Wherever possible, 3rd party clinical data follows the vertical structure that is expected by
SDTM and ADaM to minimize the amount of conformance and processing of clinical data
received by vendors. Novartis has developed a substantial number of custom domains for
which SDTM domains have not yet been defined. All of these data domains follow either the
model for the Findings, Interventions, or Event classes that are part of the SDTM model.

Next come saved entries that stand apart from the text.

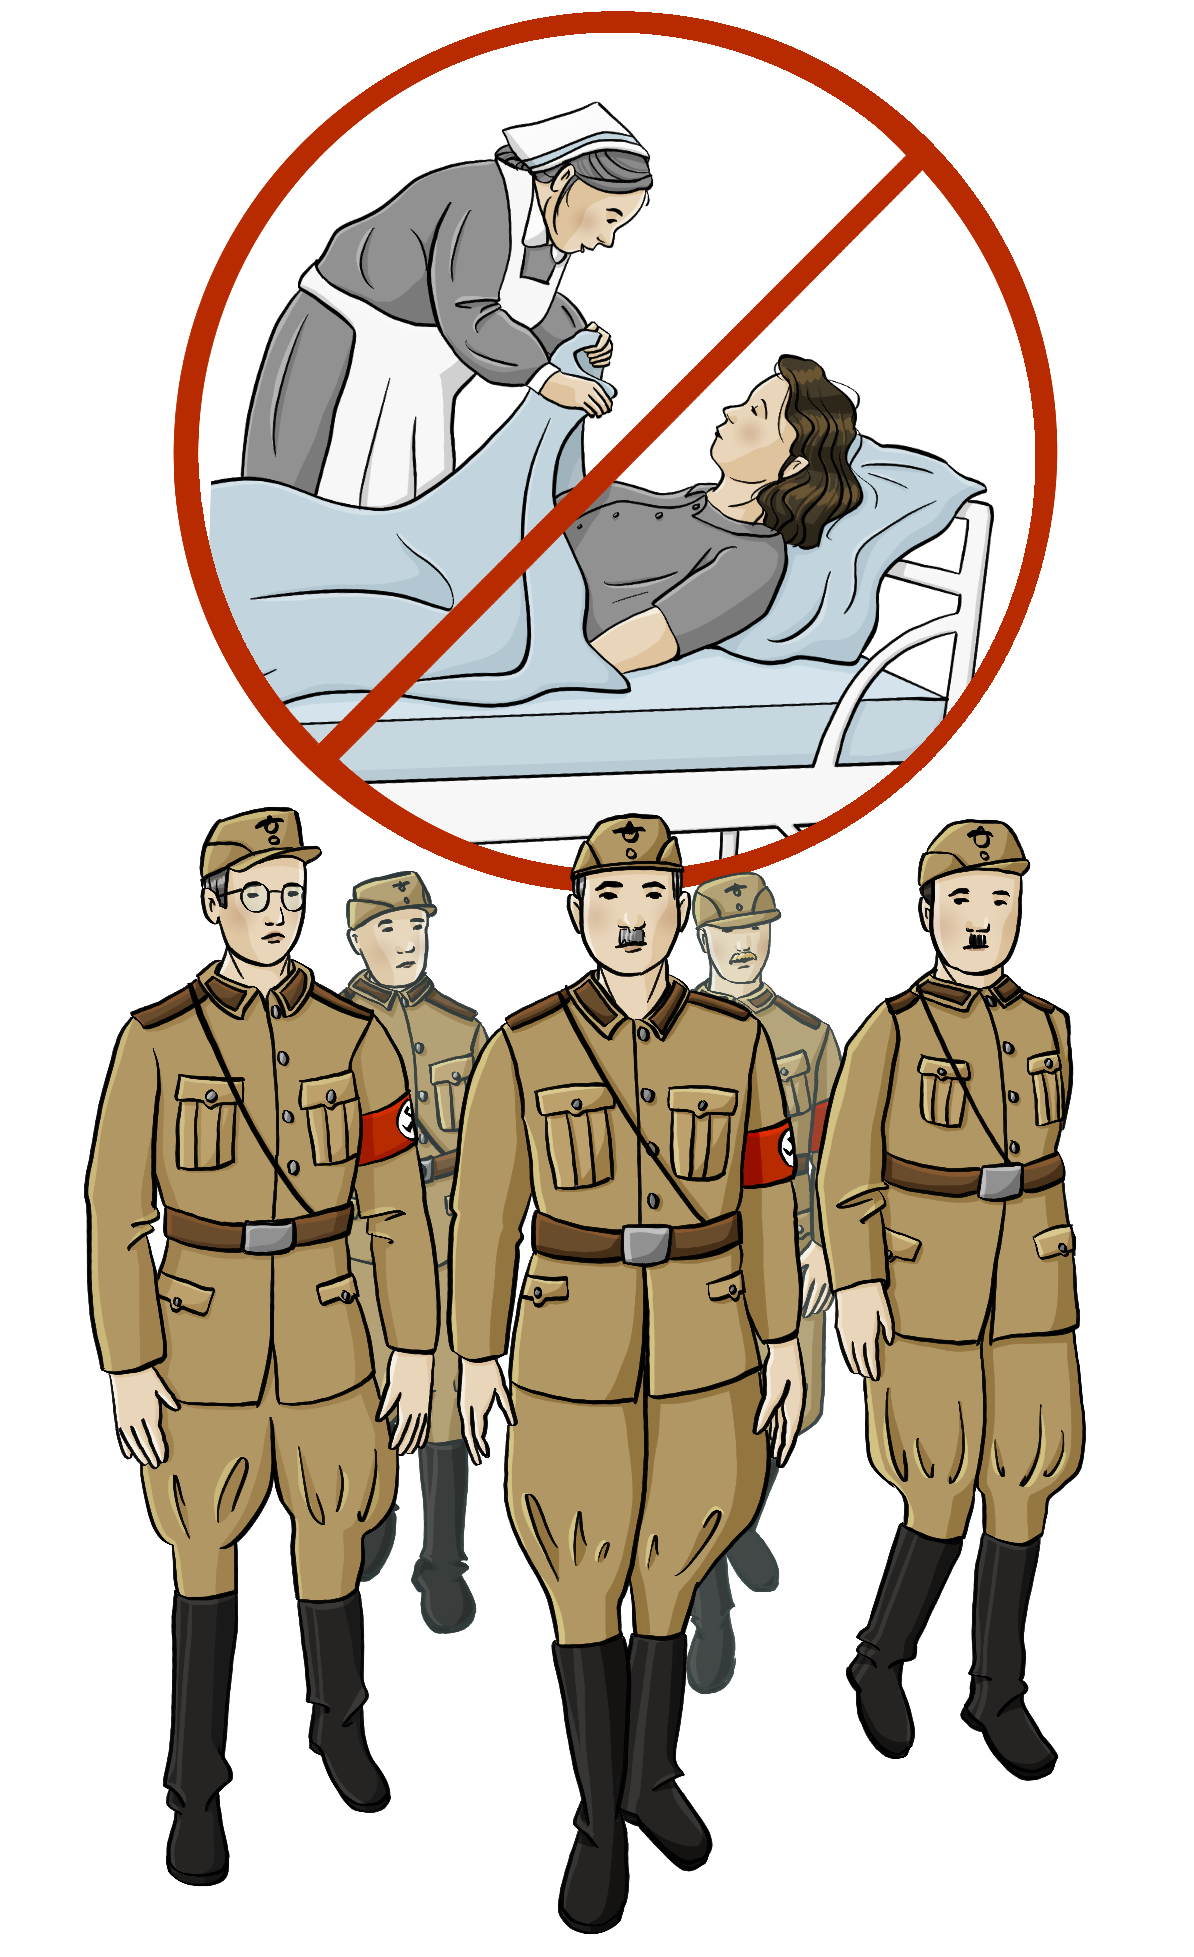 Eine Gruppe Männer in der Uniform der Nationalsozialisten. Darüber ist ein Bild von einer Frau in einem Pflegebett. Das Bild ist durchgestrichen. 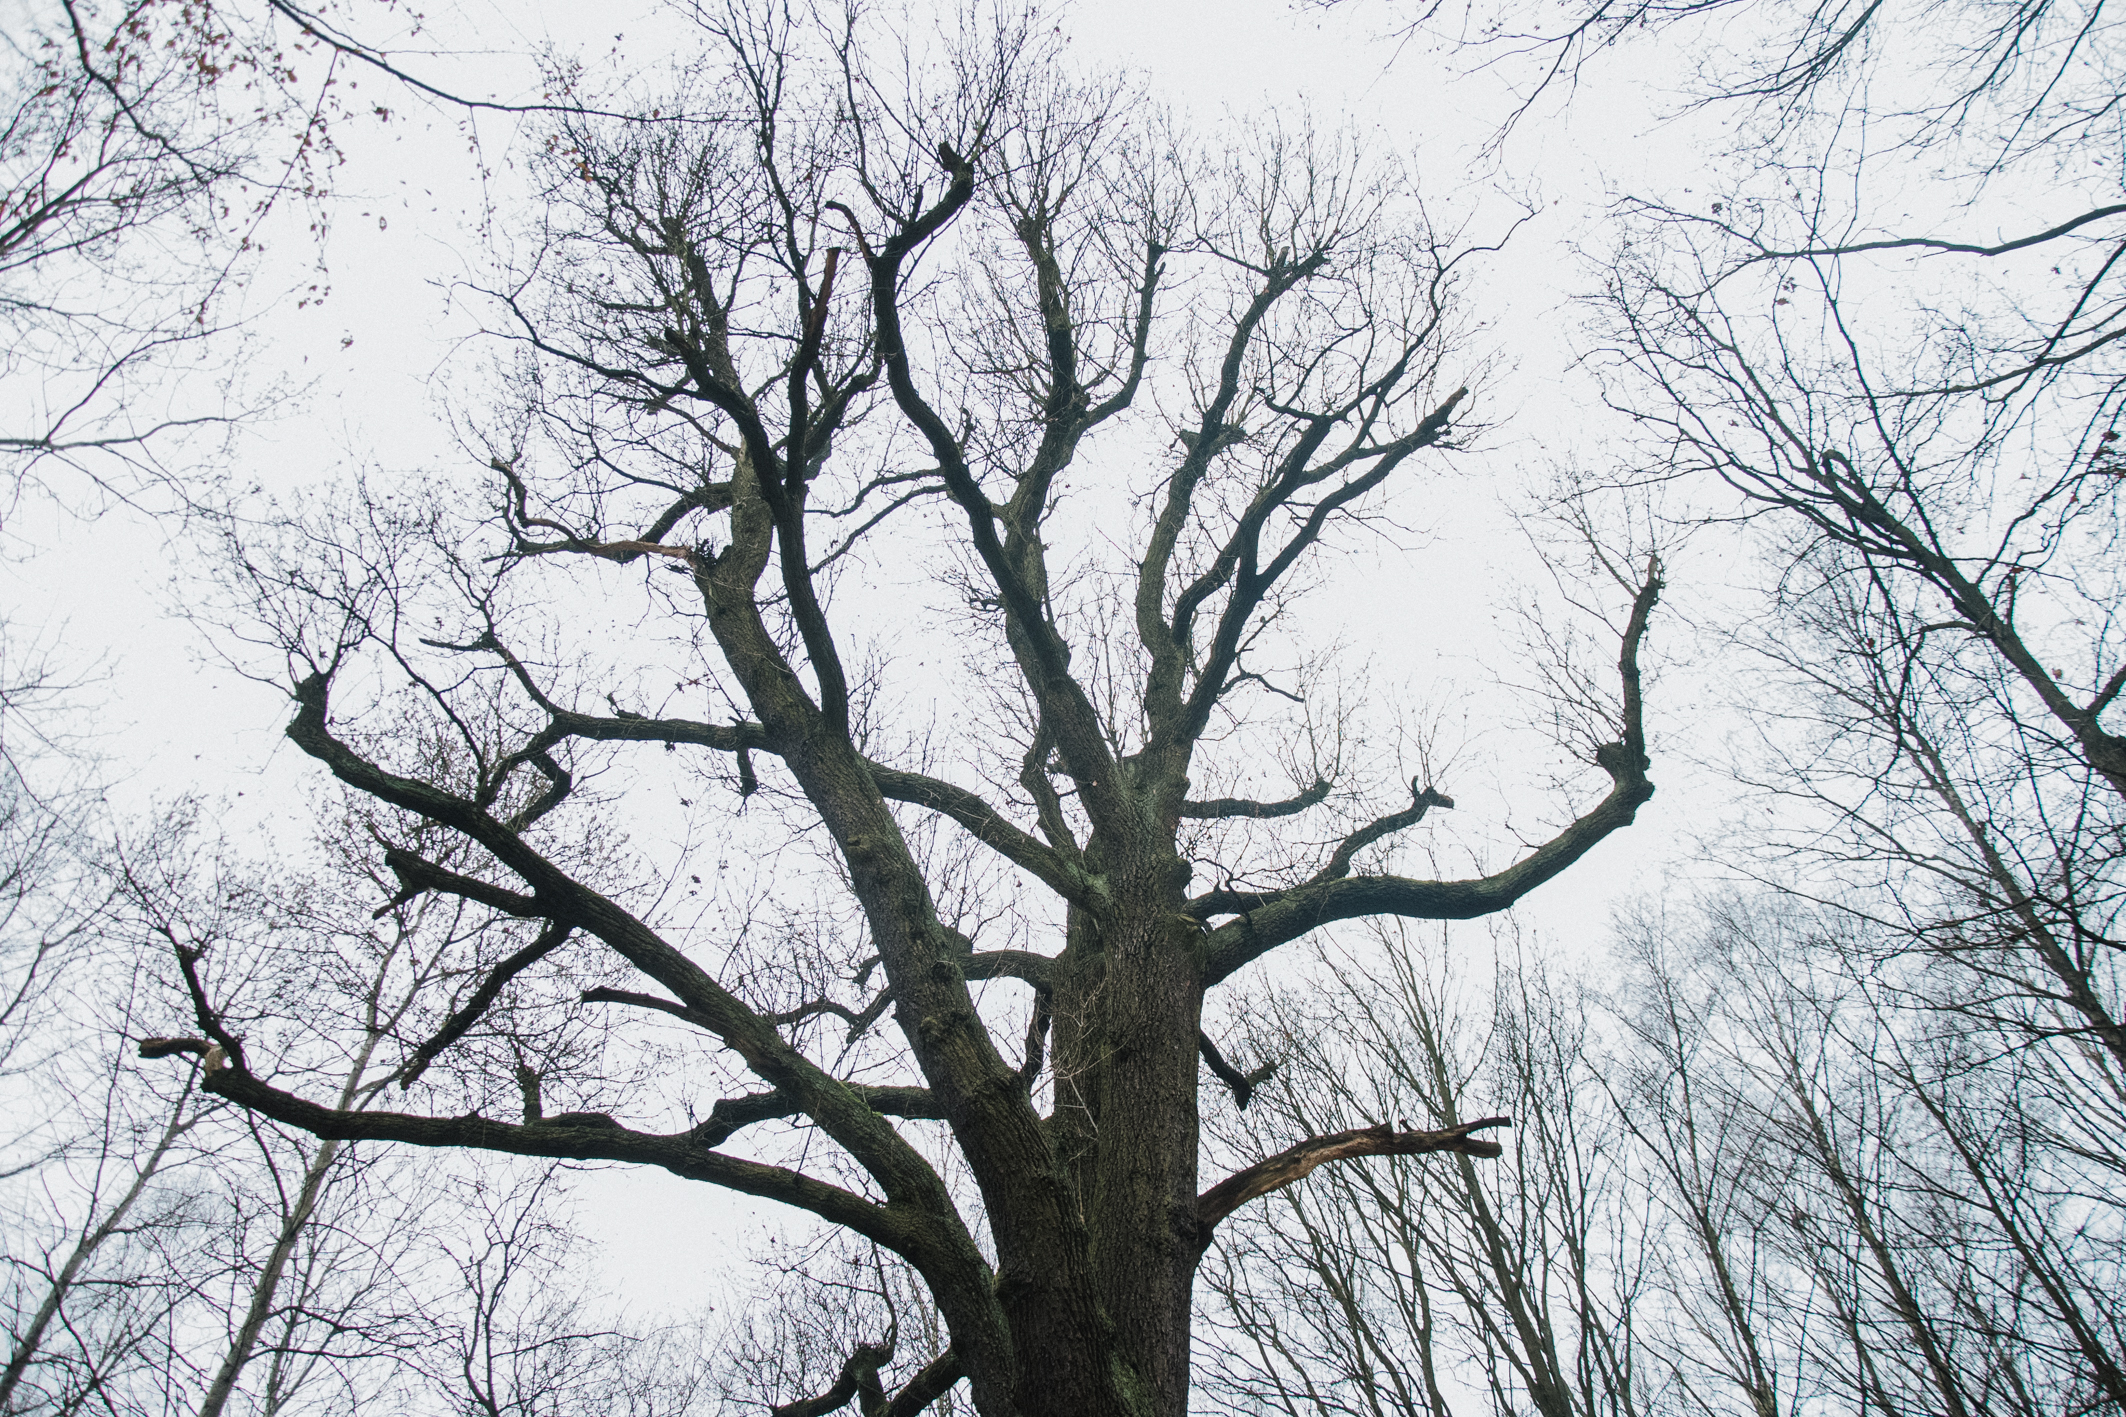 Korona drzewa została w ostatnim czasie uporządkowana, podobnie jak drzewa wokół wiekowego dębu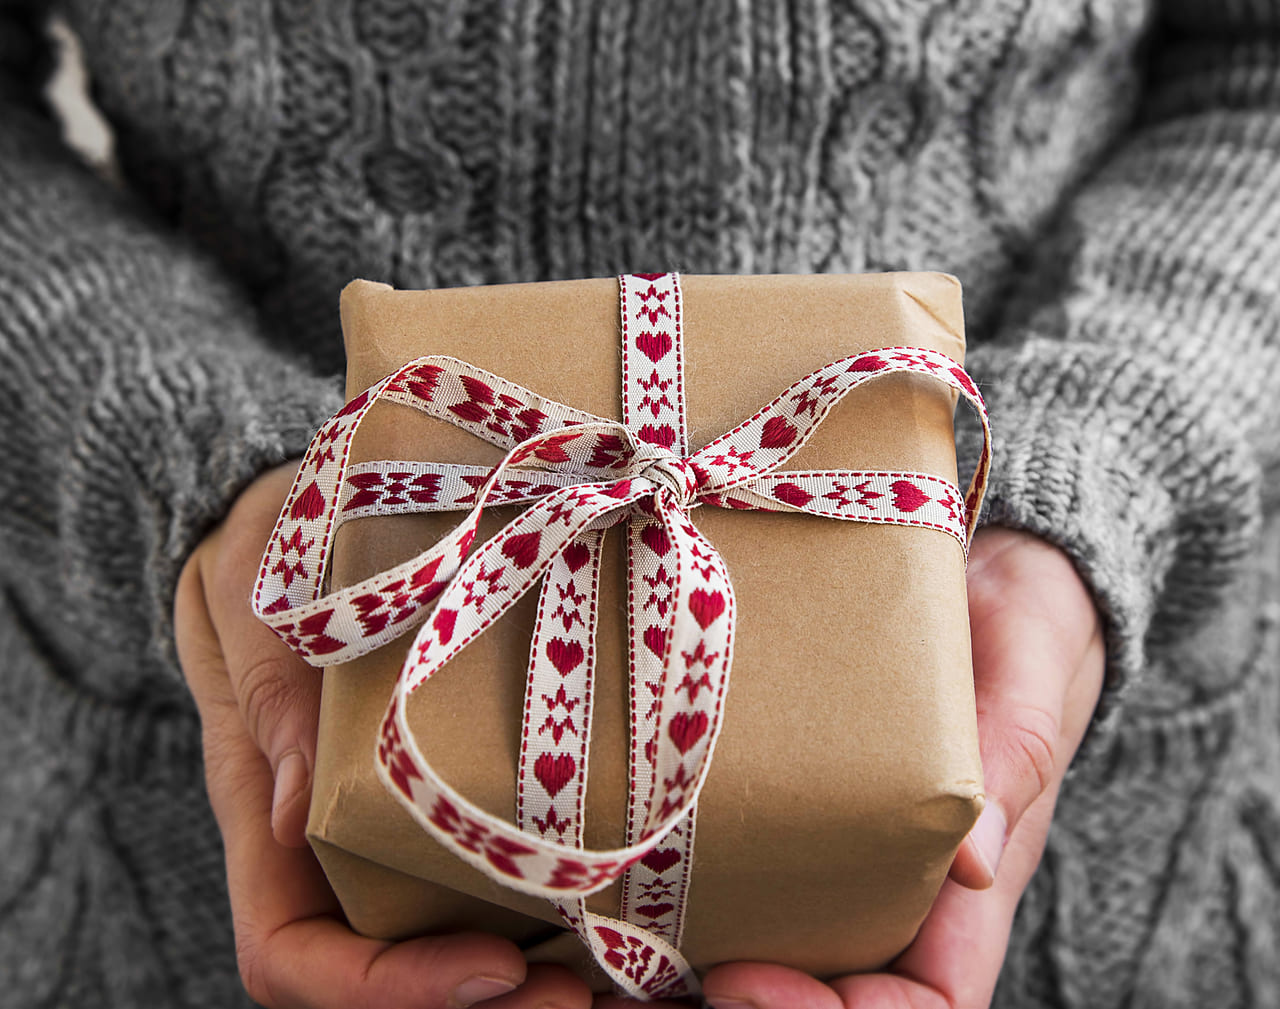 予算4000円 女子会のクリスマスプレゼント交換で喜ばれるアイテム36選 Giftpedia Byギフトモール アニー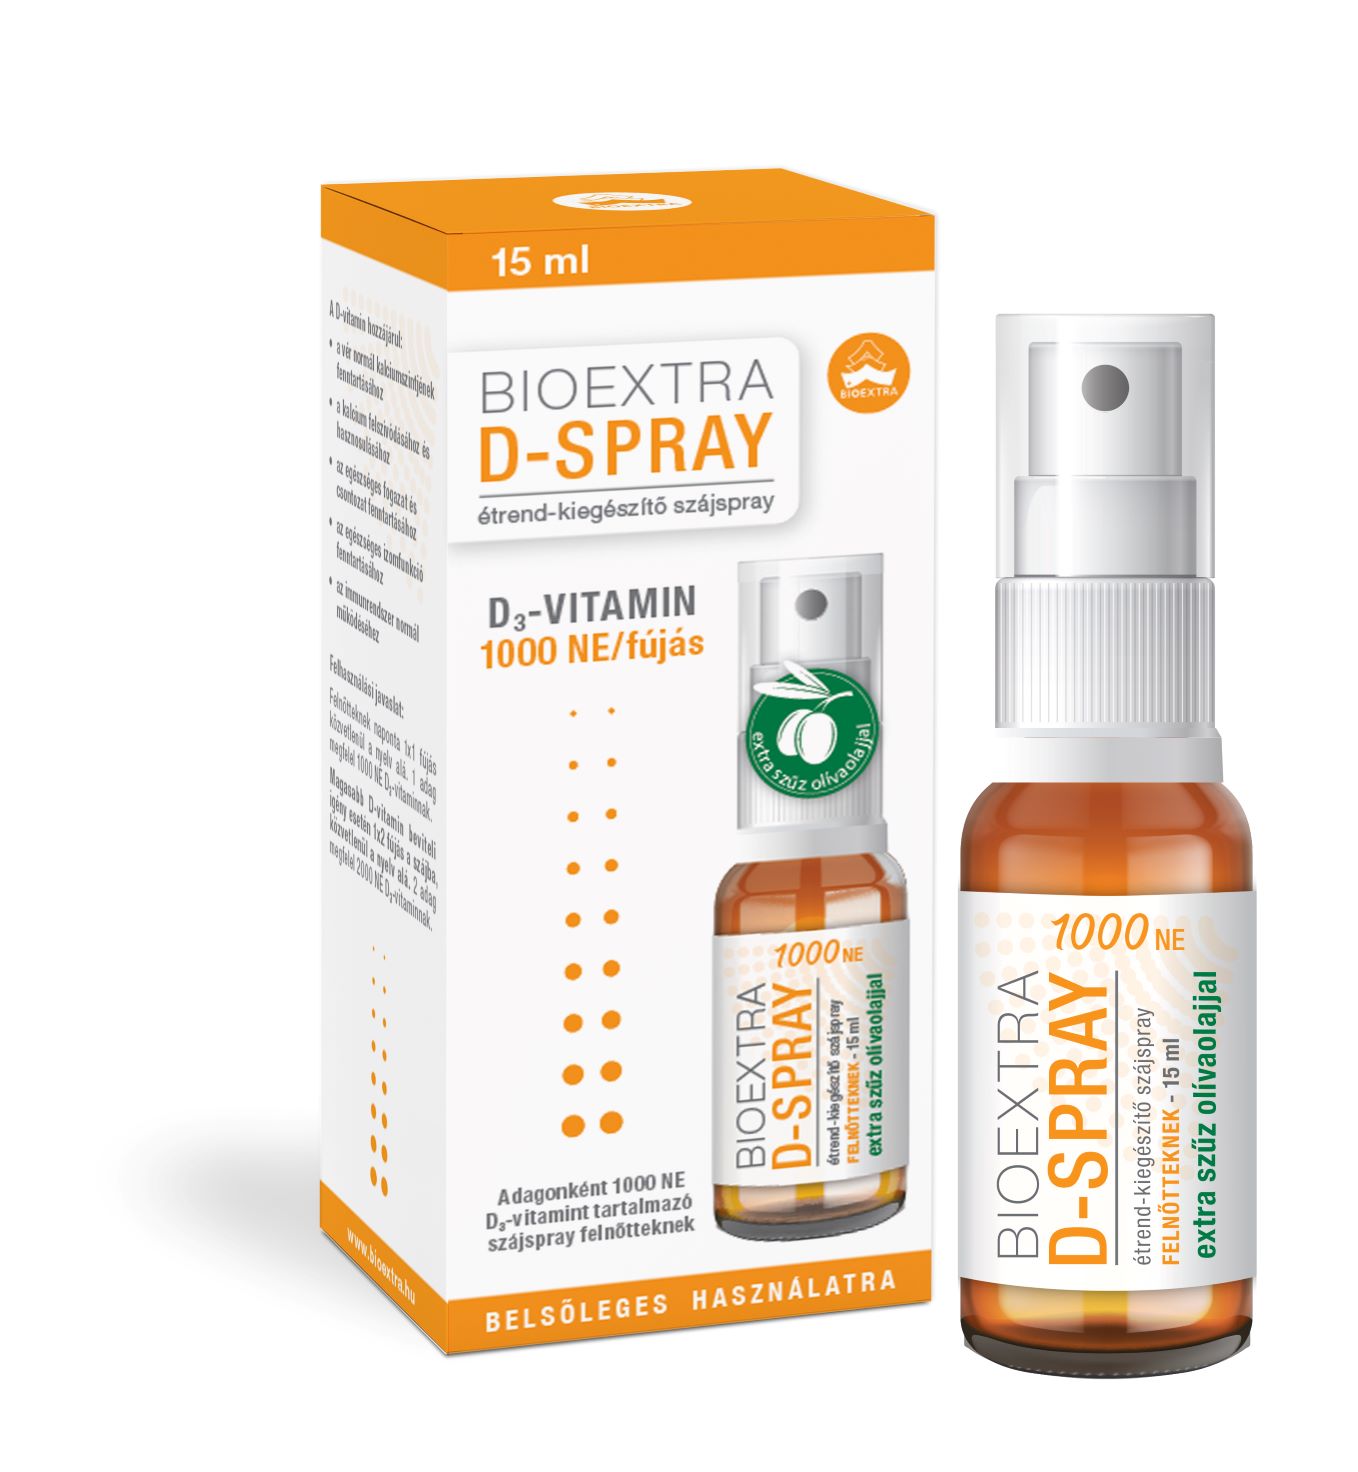 Bioextra D-Spray 1000 NE szájspray

For analysis and reporting all analysis data sets that will be submitted from 2013 will follow
the ADaM data set structures including the Adverse Event and Time-to-Event ADaM
structures that were defined earlier this year.
Question 5:
Would Health Level Seven v31 (e.g. messages, structured documents and
Clinical Data Architecture) be a viable study data exchange standard? Please
explain advantages and disadvantages. What would be the impact (e.g.,
financial, technical, or in terms of implementation or change in business
processes)?
Response:
It is not immediately clear what advantages would exist by Health Level Seven v3 (HL7) as a
study data exchange method. Like the Operational Data Model (ODM), any information
stored in HL7 would not be in a format that is easily usable by downstream users for data
review and statistical analysis and would require conversion or manipulation before such data
exchanged in this format could be utilized. Because HL7 is trying to integrated concepts
across not only clinical trials but data from other settings as well as the structure of clinical
reports to implement at a large scale and to educate research sites and Sponsors on the
intricacies needed to understand all the components of HL7 would far and exceed the
struggles already currently faced in transitioning research sites and Sponsors on understanding
the different CDISC concepts defined within CDASH/SDTM/ADaM.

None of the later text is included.